In science, the usual way to ask nature a question is by experimentation. Good experiments should be designed in such a way that nature has a chance to give reasonable answers. Reasonable answers help to reveal interdependencies, and interdependencies are needed for proper mathematical modeling. Consequently, there are four levels of plant research ahead:

• (1)“Physiologically meaningful” experimentation: It is important to apply experimental conditions that mimic natural situations and avoid conditions that the plant, during its evolution, has not learned to deal with. Meaningful experimentation will produce reliable data that reflect a response the plant is able to activate from its repertoire and does not force reactions that are prone to erroneous interpretation.

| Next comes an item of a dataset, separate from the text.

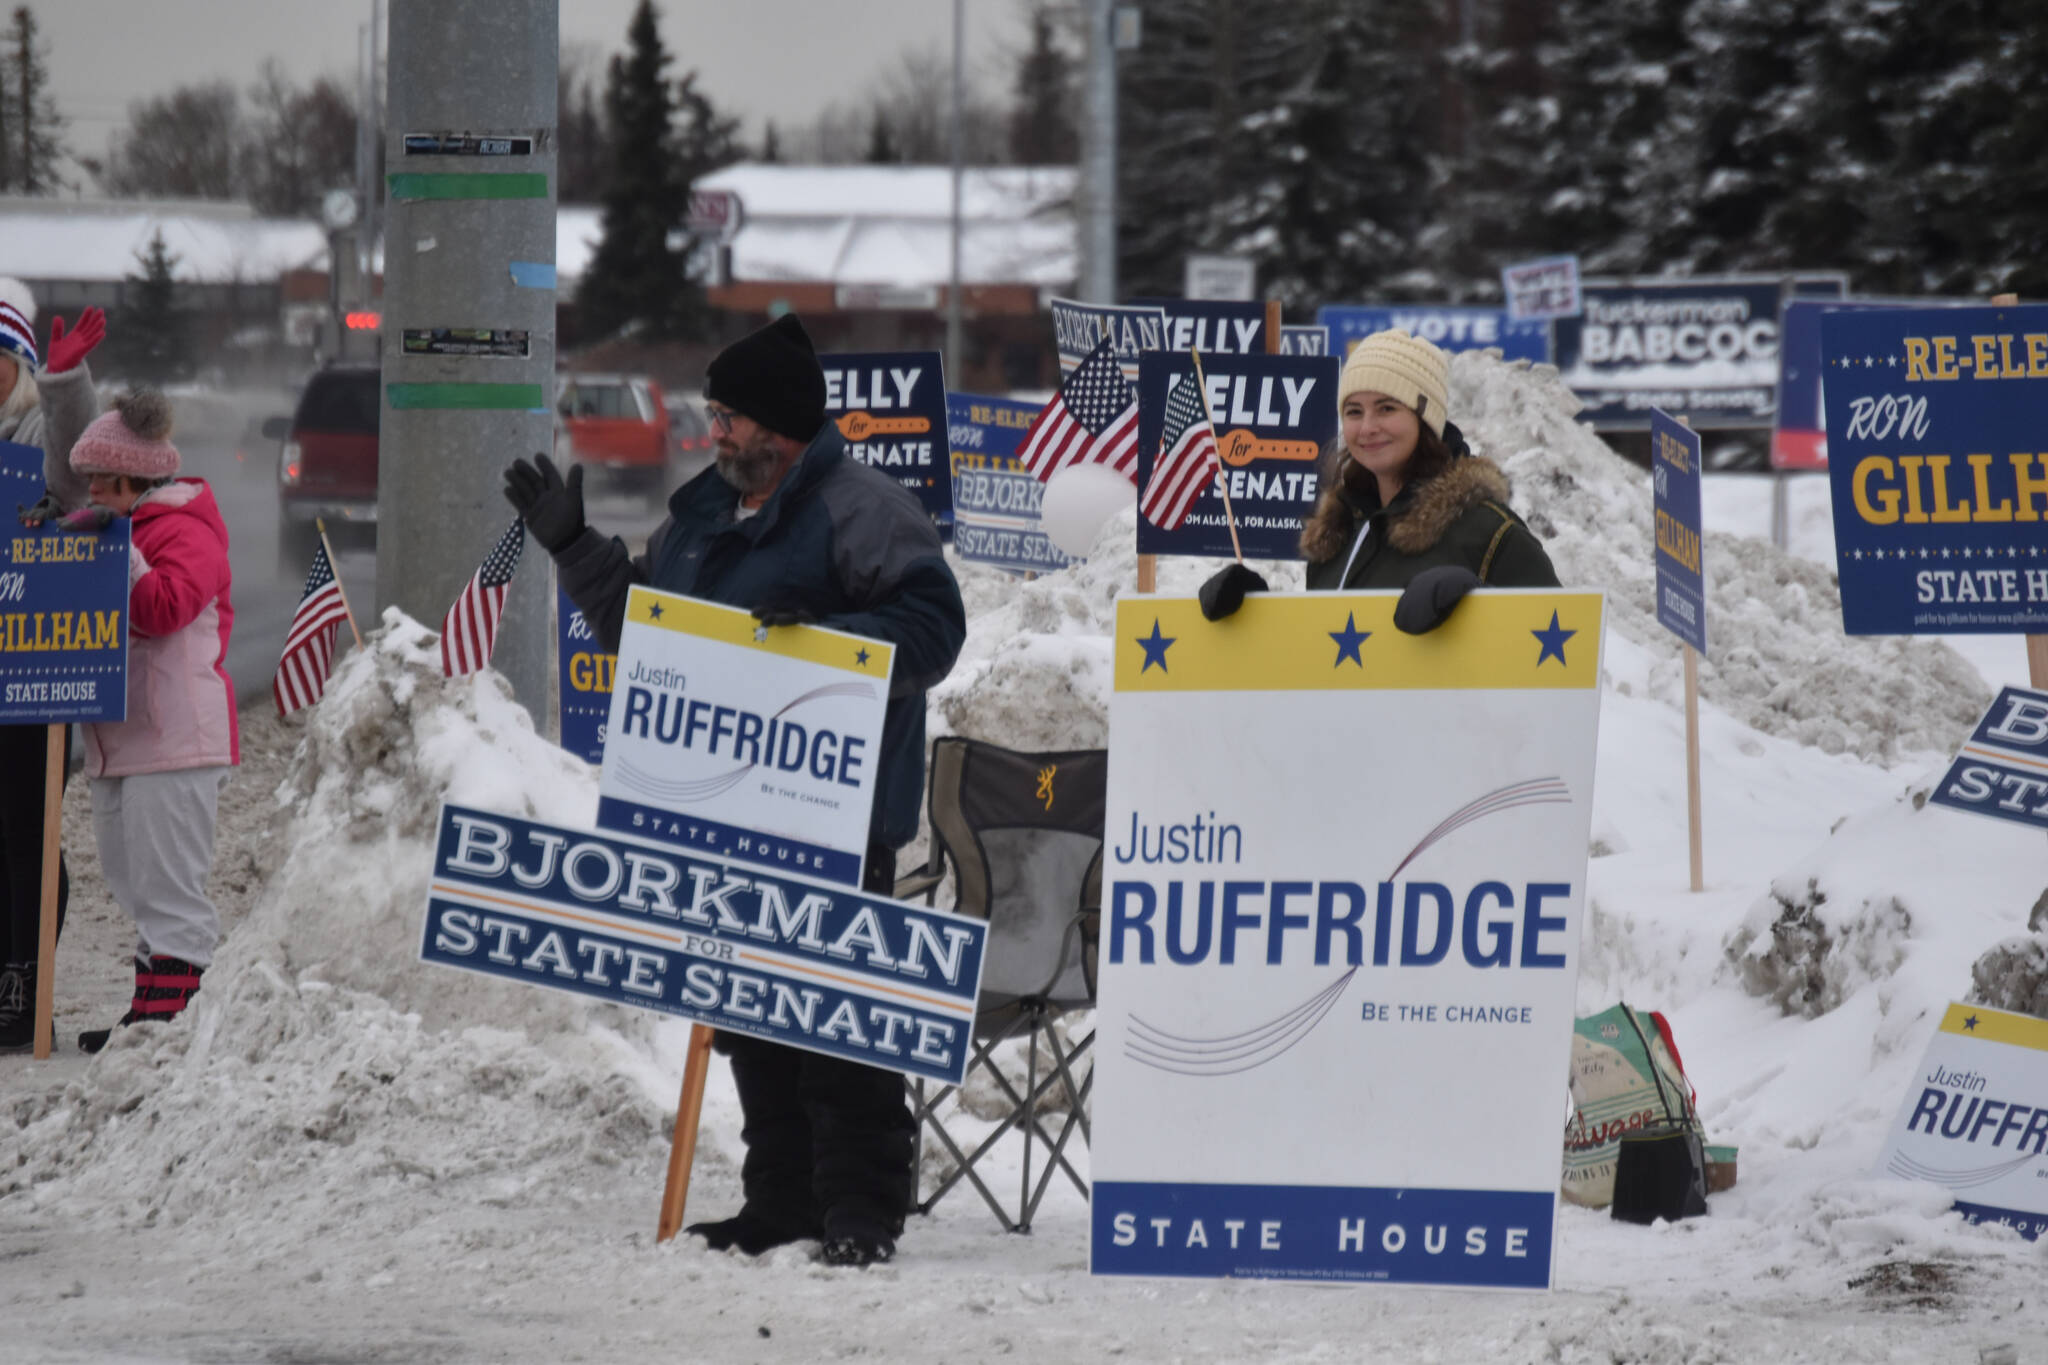 Michael O’Rourke and another supporter wave signs for Justin Ruffridge on Election Day, Nov. 8, 2022 in Kenai, Alaska. (Jake Dye/Peninsula Clarion)

• 2)Exploring the lock: Given the multitude of cellular variables driving cellular events and signal transmission, we need to develop tools with which interdependence and cause-effect relationships can be investigated. This implies precise kinetic recording of multiple parameters (such as [Ca²⁺]_i, pH, redox state, movements, and growth), and correlation analysis to see whether [Ca²⁺]_i changes precede or follow the cellular process under study (Coelho and Malhó, 2006). We need to know if and how [Ca²⁺]_i interacts with other detectable cellular signals. This in turn implies the development of novel cellular indicators that allow simultaneous recording of diverse parameters.

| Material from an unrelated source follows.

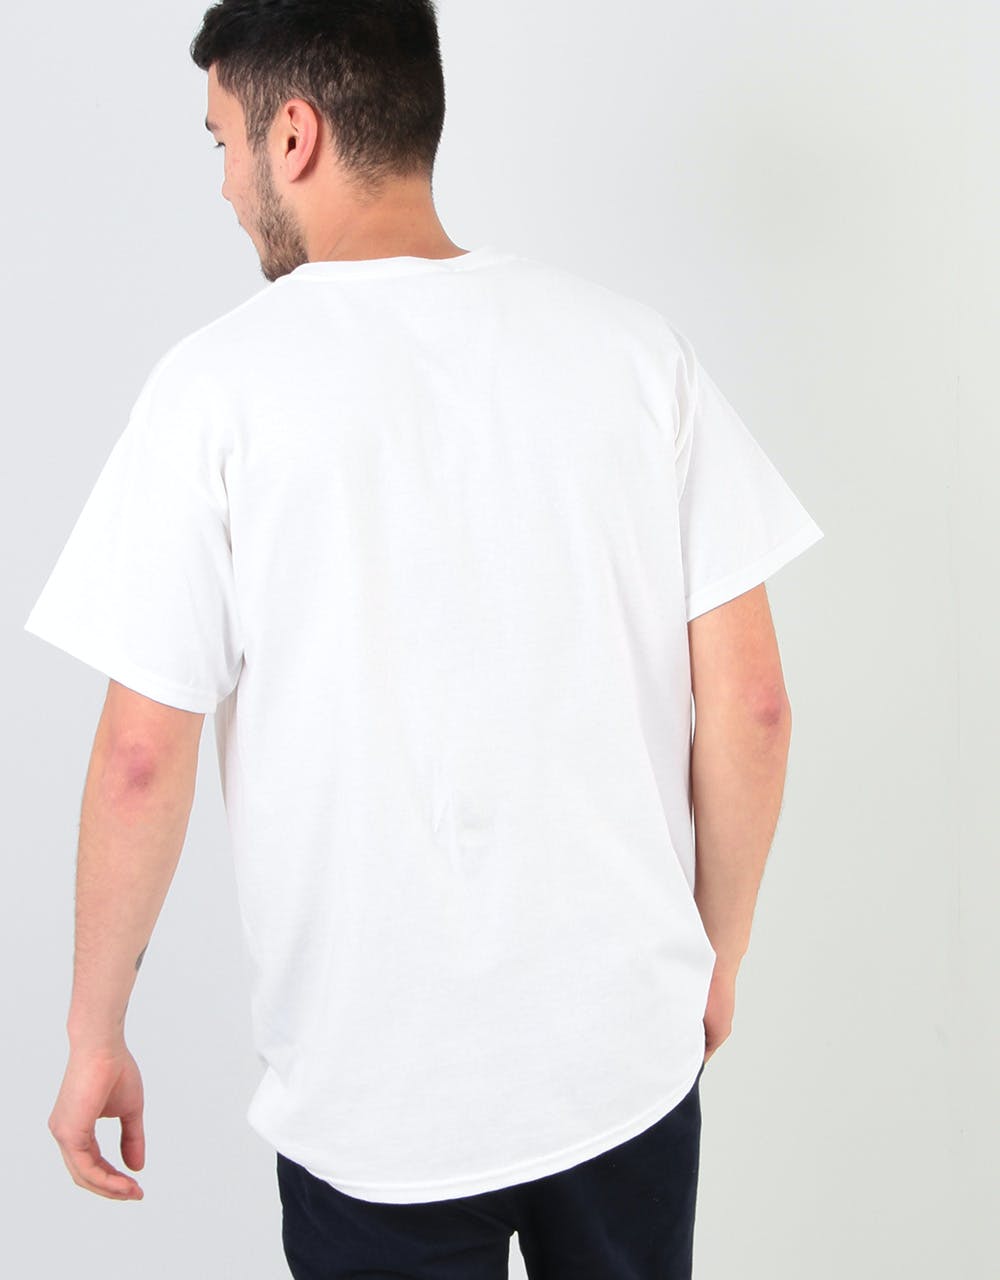 Route One Still Life T-Shirt - White

• 3)Investigating key functions: There is a need to investigate functions and actions of proteins involved in signal transmission (such as CDPKs, CBLs, and calmodulins, as well as GTPases, SNAREs, etc.) in vivo and on a single-cell level. The development of recombinant indicators providing optical output measurands for specific cellular variables has shown during the past two decades that both multiple-parameter recordings on the cellular level and the quantification of specific protein activities are achievable. Advancement of these genetic engineering and cellular imaging technologies should be pushed to reevaluate older data sets.

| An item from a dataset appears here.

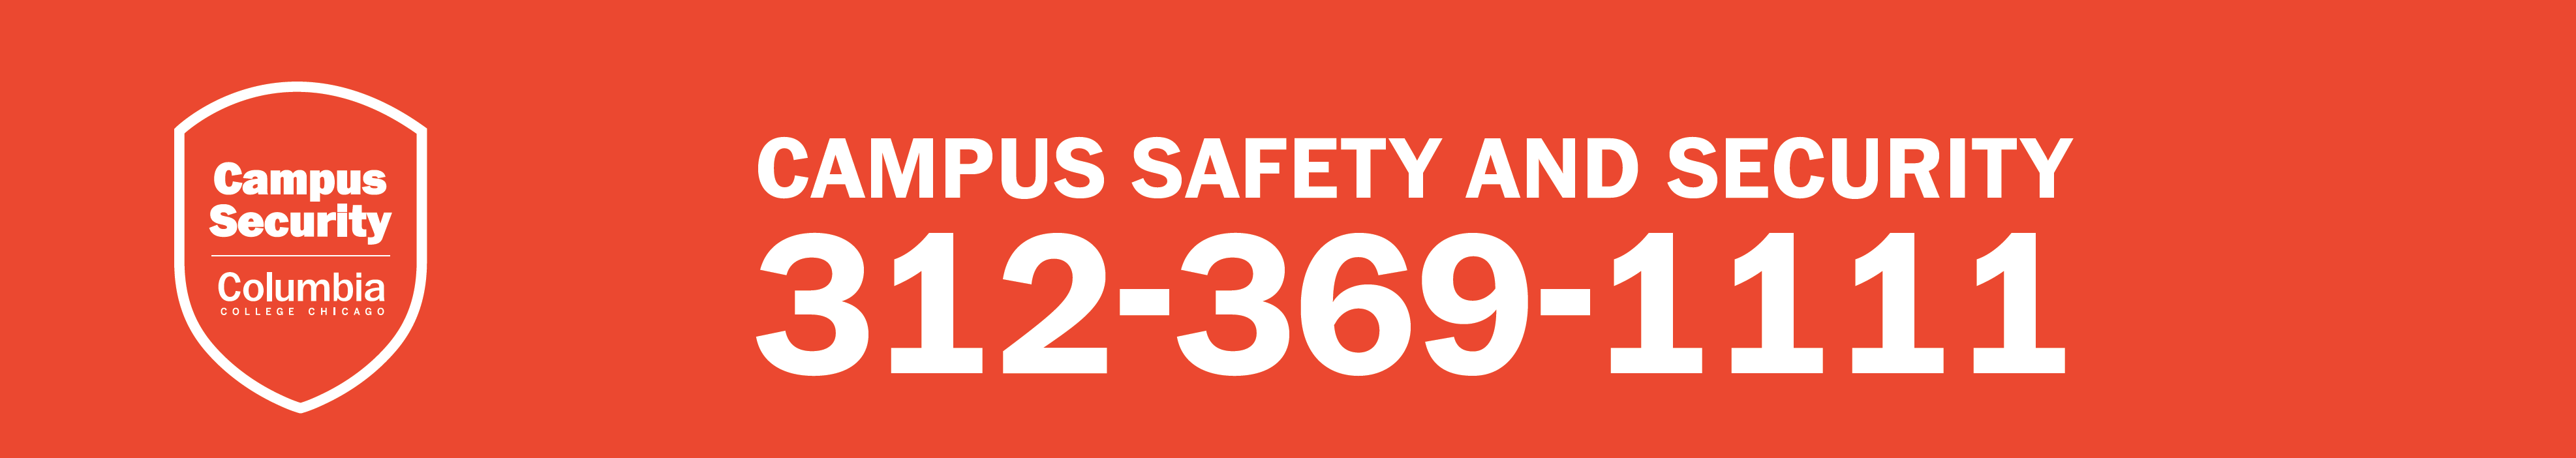 Campus Safety and Security 312-369-1111

• 4)Modeling and yielding knowledge: Systems biology provides software platforms and other tools for modeling interdependent cellular processes. When a mathematical model is able to describe and to predict physiological responses to environmental challenges (i.e. “plant behavior”), then the underlying theory can be regarded as knowledge and the cellular processes can be regarded as understood. Consequently, these tools (e.g. Wang et al., 2012) need to be at the forefront of experimentation so that network signaling is transformed from just a vogue term into an established research subfield with quantifiable outputs within plant sciences.

THE CHANGING ZEITGEIST

Ernst Mayr (1982) stated: “Written histories, like science itself, are constantly in need of revision. Erroneous interpretations of an earlier author eventually become myths, accepted without question and carried forward from generation to generation. […] The main reason, however, why histories are in constant need of revision is that at any given time they merely reflect the present state of understanding; they depend on how the author interpreted the current zeitgeist of biology and on his own conceptual framework and background” (p. 1).

The zeitgeist is changing, and we are closer to understanding molecular mechanisms down to the atomic level. There are many molecular antennas responding to calcium [Ca²⁺]_i (Edel and Kudla, 2015). Whether their activities during a transient cellular [Ca²⁺]_i increase are switched by the transient’s kinetics still needs to be demonstrated by novel experimental approaches. However, there are many other equally important molecular antennas (Simon and Dresselhaus, 2015) that, by contrast, respond to cellular actuating variables other than [Ca²⁺]_i. Each may form a key (Fig. 1) that activates a physiological response that is appropriate to the prevailing environmental challenge.